The book discusses the prevalence of the ‘problem gambler’ trope. Why has this trope been so enduring?

The trope of the ‘problem gambler’ is directly related to and produced by an intellectual consensus that the pathological or ‘disordered’ individual should be the focus of methods, theoretical frameworks and solutions offered by mainstream gambling research.  This would be less problematic if there was more transparency about the interests that are served by this trope.  However, in reality, research focused on defining, counting and governing the ‘problem gambler’ supports a fiction that commercial gambling provides important services to a silent majority of ‘recreational’ gamblers.  It also generates agendas of action (or inaction) that gambling businesses, governments and health organizations can agree on.  Cultural figurations of problem gambling that circulate within our societies enable most of us to evade the difficult double-binds that confront gamblers and non-gamblers in our everyday lives.  These range from the apparently trivial dilemmas such as ‘am I a ‘bad sport’ if I don’t participate in the Melbourne Cup Sweeps at work?’ to more serious issues such as ‘what do I do when my disabled relative spends too much money at the pokies at the local RSL, which also happens to be the only wheelchair accessible entertainment venue in my suburb?’

 

You use ‘finopower’ as a lens through which to study gambling. What does this term mean, and how has it been useful to your research?

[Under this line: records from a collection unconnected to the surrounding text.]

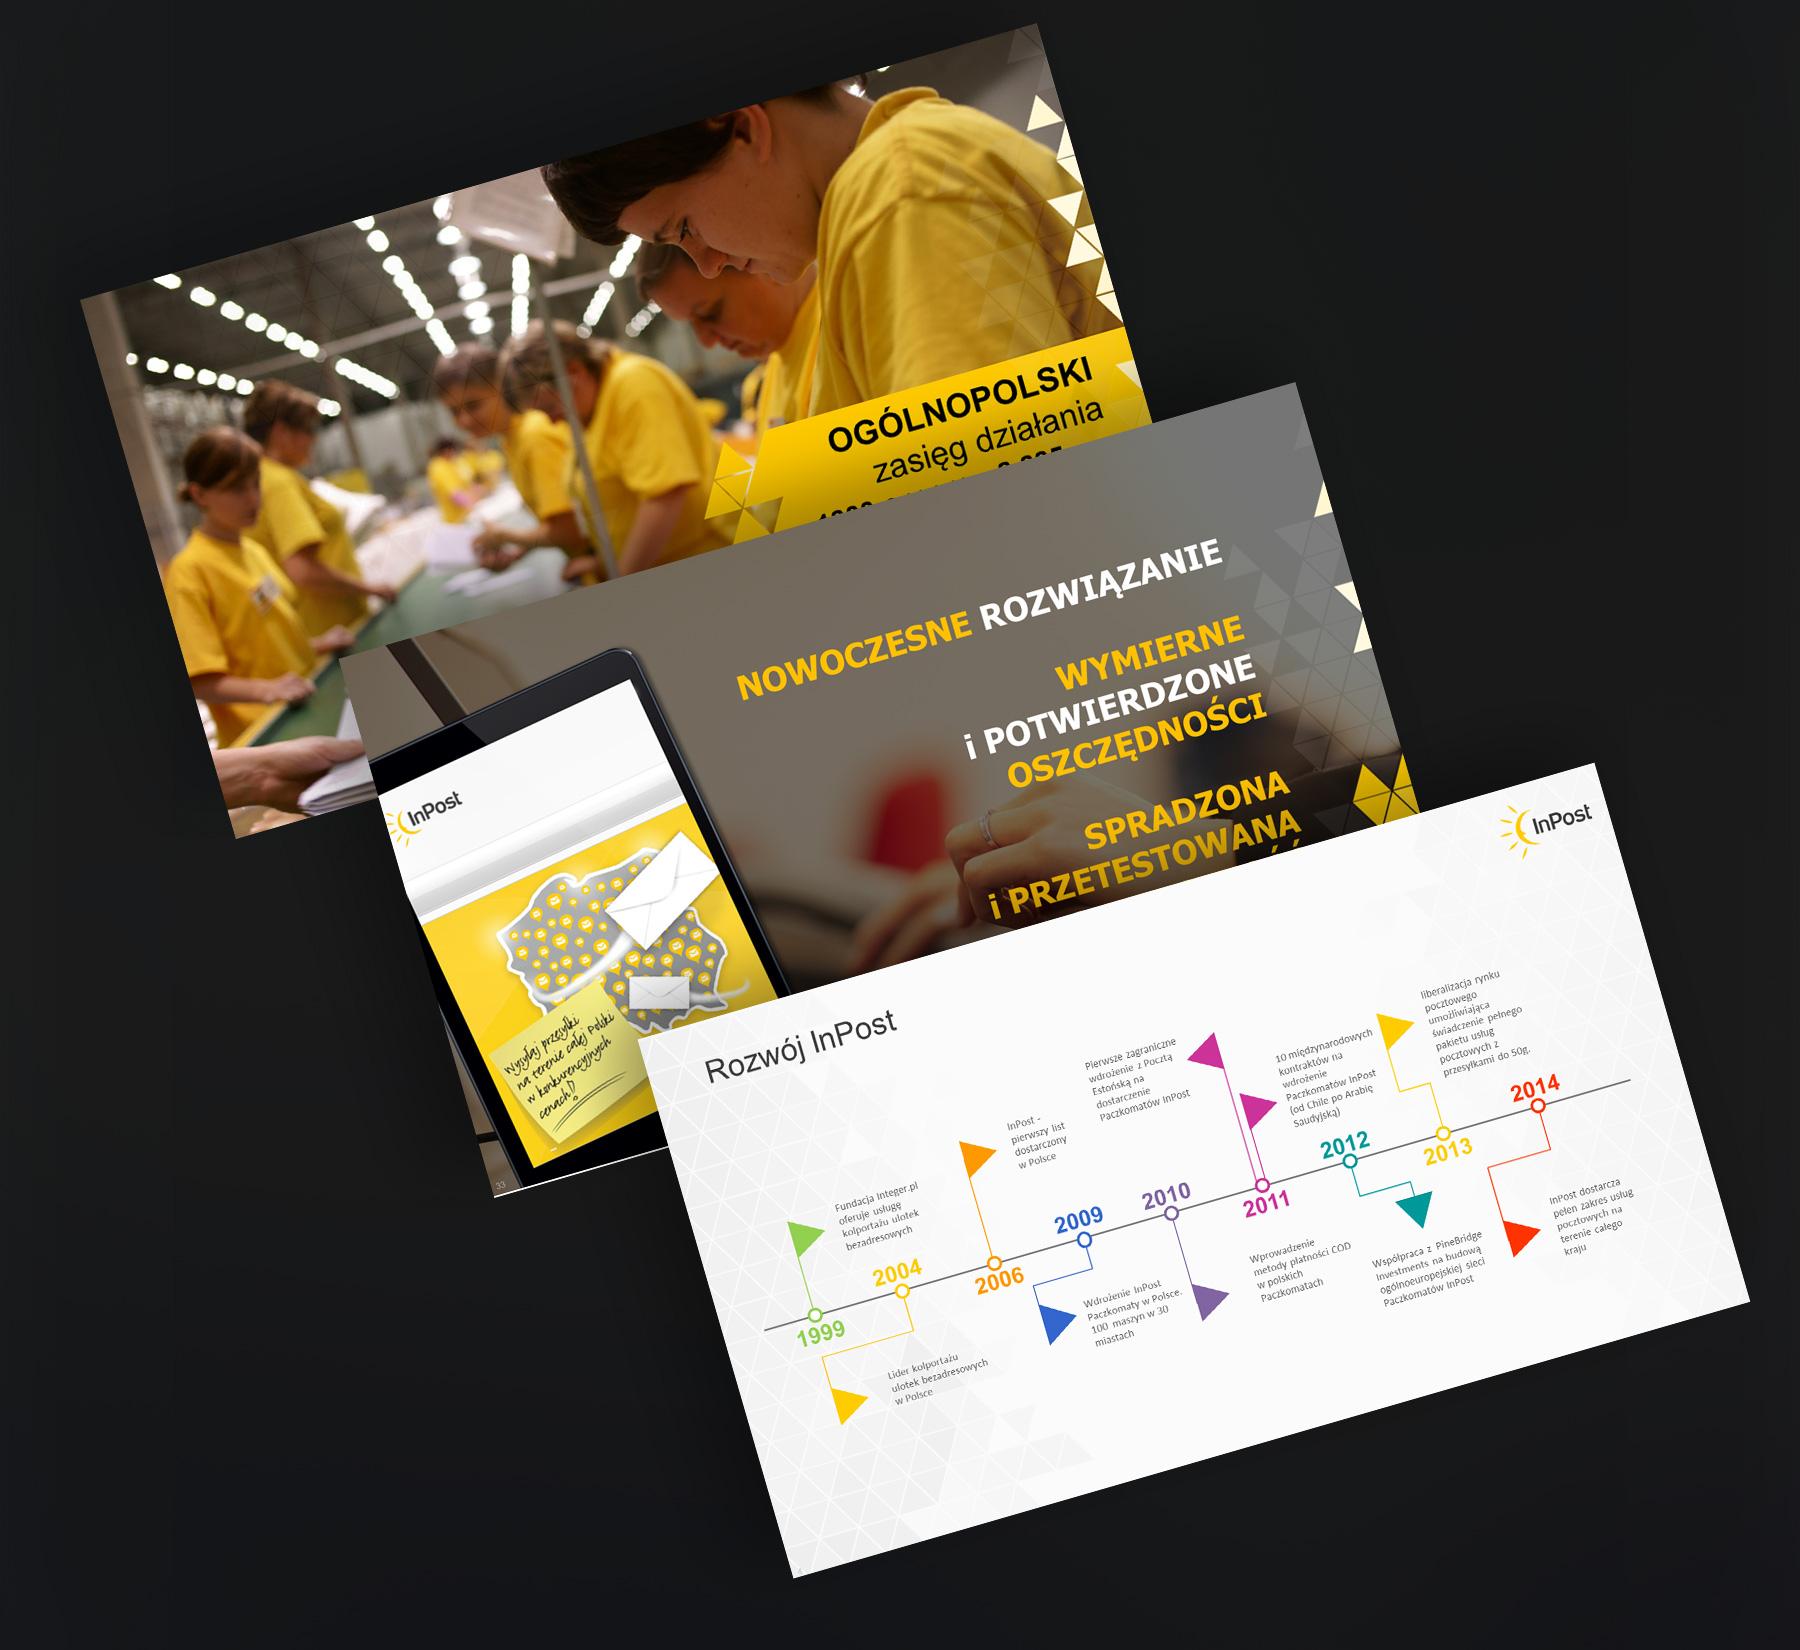 Elektroniczne Potwierdzenie Odbioru Prezentacja dla InPost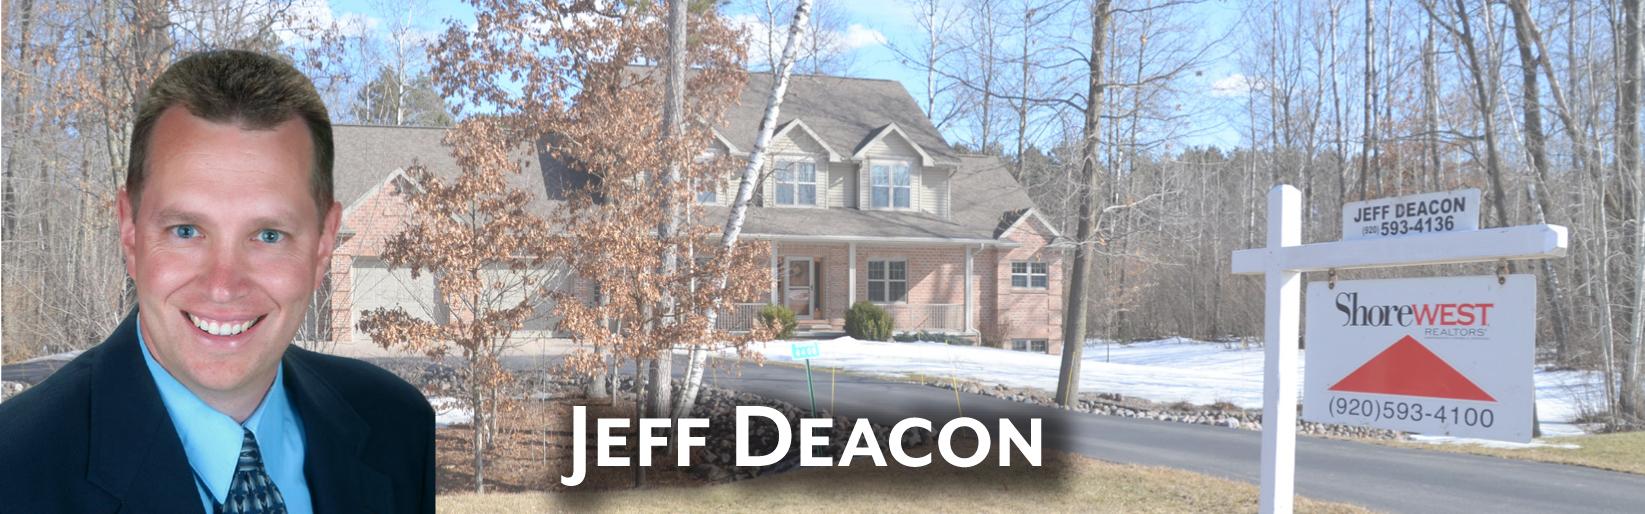 Jeff Deacon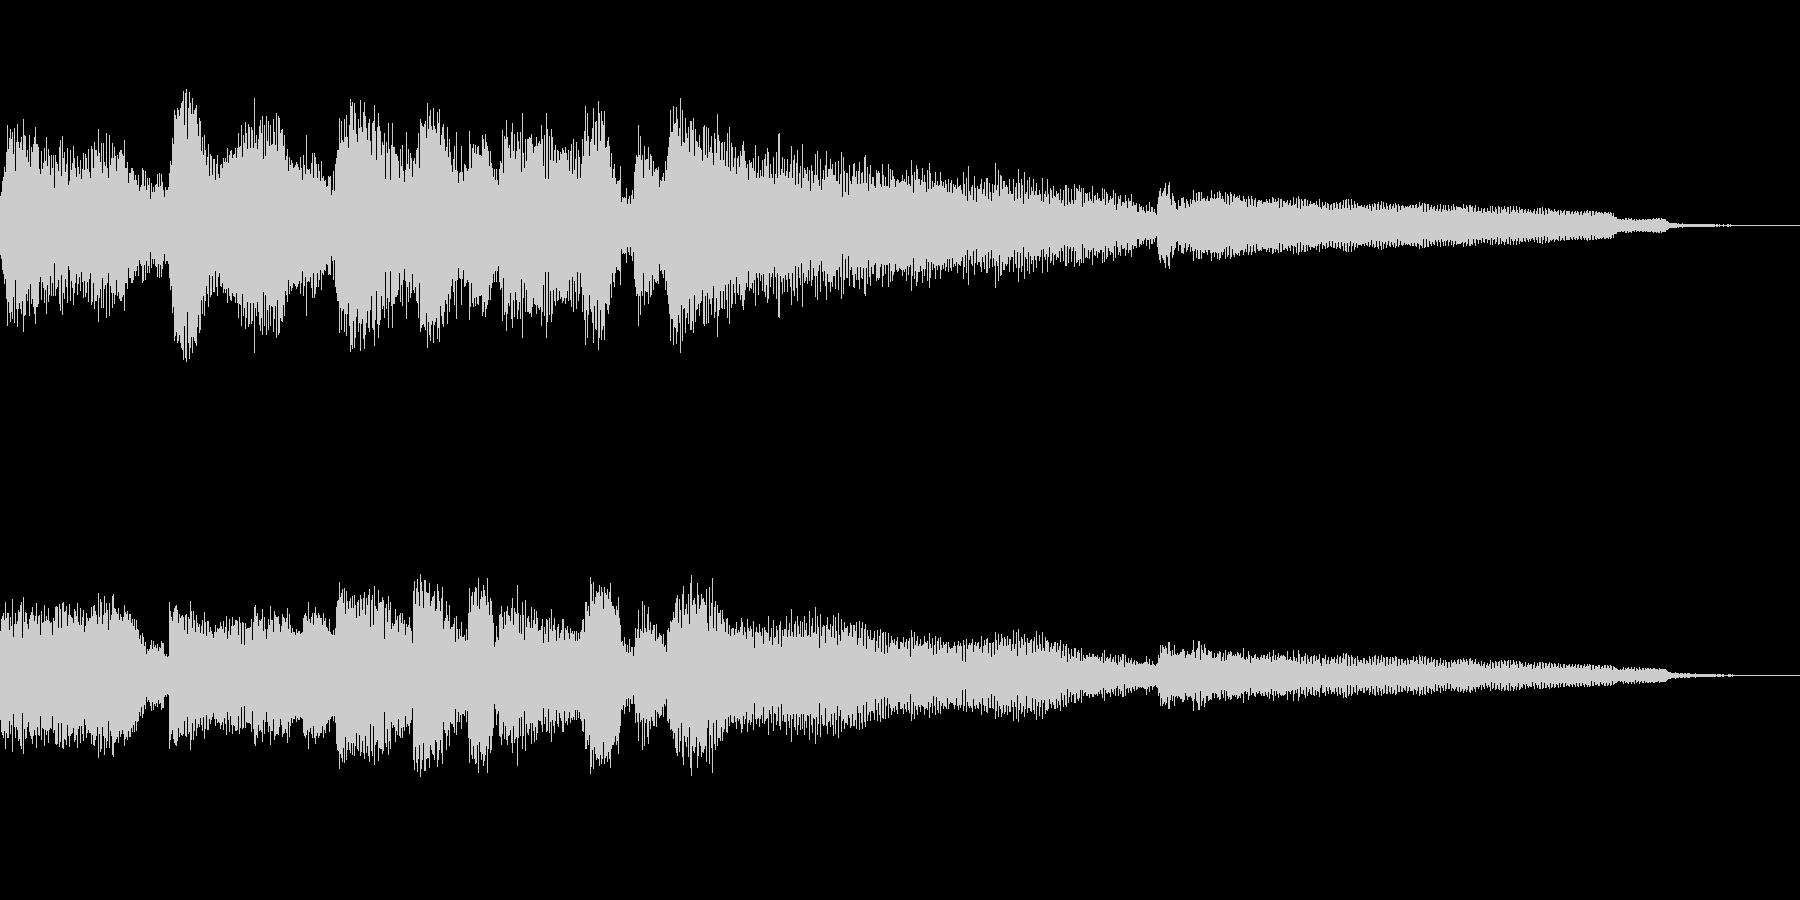 【10秒強】ジャズギターのコードとソロの未再生の波形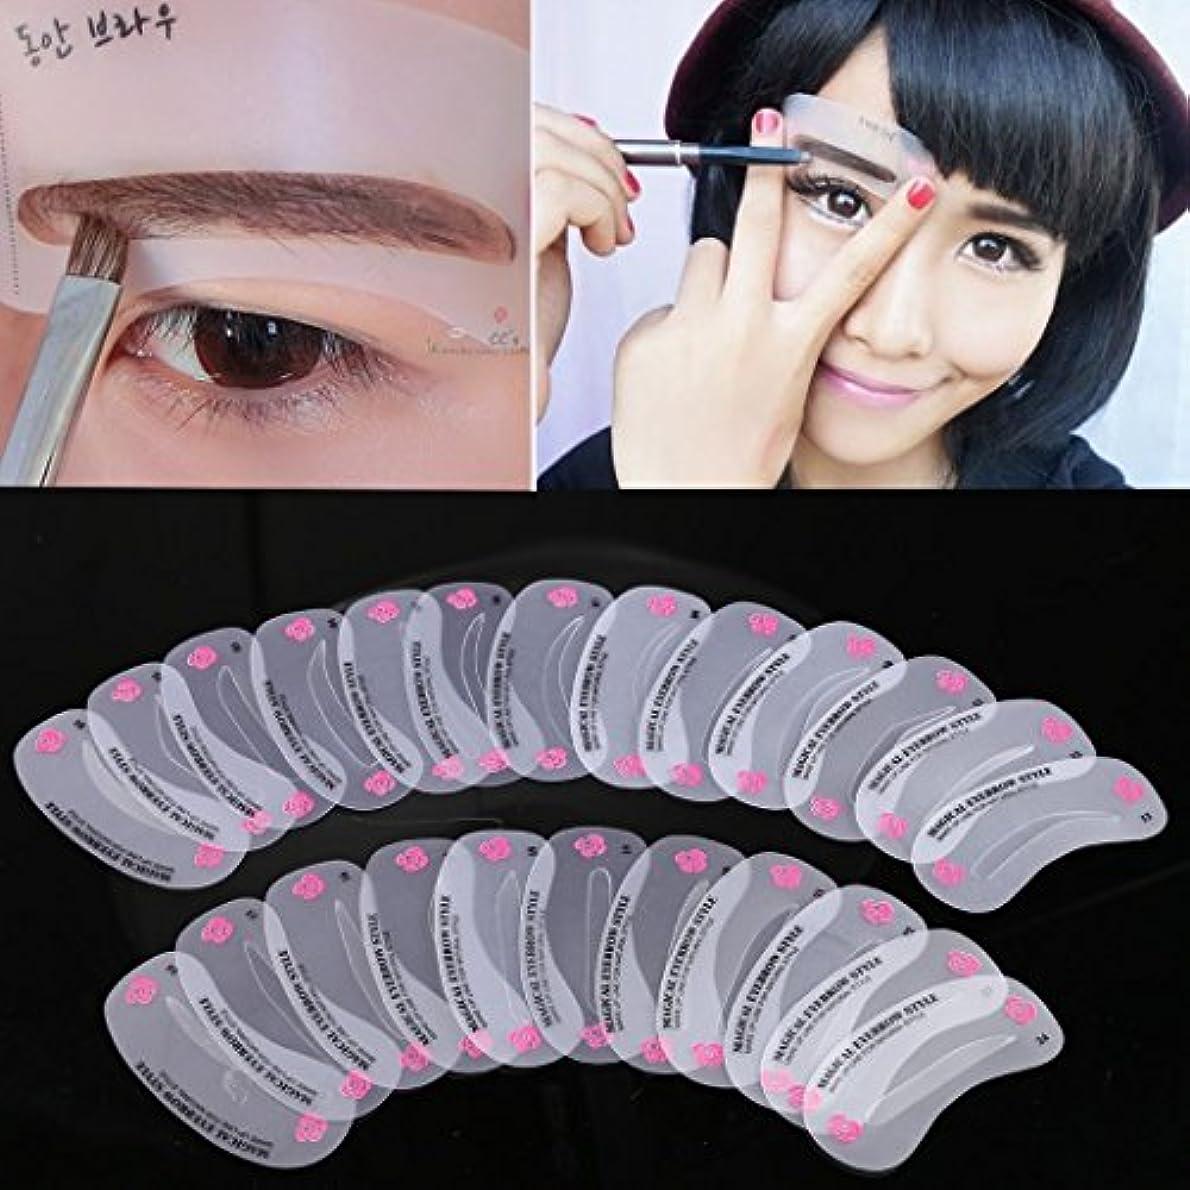 飢えたいたずら石化する24種類の眉毛のスタイルは、グルーミングステンシルを設定するメイクアップシェイプキット眉毛

The term ‘finopower’ is an extension of Michel Foucault’s theory of governmentality, as well as an application of it to account for the role that gambling plays in statecraft more broadly.  I draw particularly on Foucault’s reflections on how the value of frugal government was pushed to extremes in the neoliberal theories of Chicago School economists.  After re-reading the history of liberal political philosophy, I came to realise that, while Foucault’s account of neoliberalism is useful for understanding some aspects of gambling, such as the cultivation of entrepreneurial, risk-managing citizens, it fails to examine how gambling itself mediates a relationship between the private spheres of business and consumption and public sphere of government and its institutions.  It is not just that gambling is important for formative liberal theorists, from John Stuart Mill to John Maynard Keynes; it is impossible to imagine liberal democratic states without some kind of organised gambling that provides taxation revenue.

My book argues that gambling is ‘statey’ in the sense that it requires and is sustained by intimate connections with processes of government.  There is a paradox here: on the level of representation, gambling appears to exemplify the practices of rugged individualism with which freedom in neoliberal societies is associated, but on the level of practice, gambling organisations work closely with governments, from lobbying and political donations, to granting licenses for major casino developments, and delivering programs to promote ‘responsible gambling’.  The concept of finopower helped me to understand how gambling and finance converge in everyday life to foster and disallow different forms of life.

A recent example was the government’s decision in my home province of Alberta to leave casinos open during the early phase of the COVID-19 health crisis.  A combination of Indigenous and environmental activism over energy resource infrastructure and falling oil prices has left the province in a precarious financial position; gambling has become an increasingly important way to balance the books. In spite of widespread closures in other places where large numbers of people gather, the government kept casinos open right up to the point that a state of emergency was declared. This delayed decision arguably endangered the lives of workers and elderly players in particular.  We can see here how gambling is linked to biopower, the ability to foster certain forms of life as well as the utility of death to ways of governing that Mbembe (2003) describes as ‘necropolitics’.  

 

Do you understand Gambling in Everyday Life as contributing to a destigmatising of gambling?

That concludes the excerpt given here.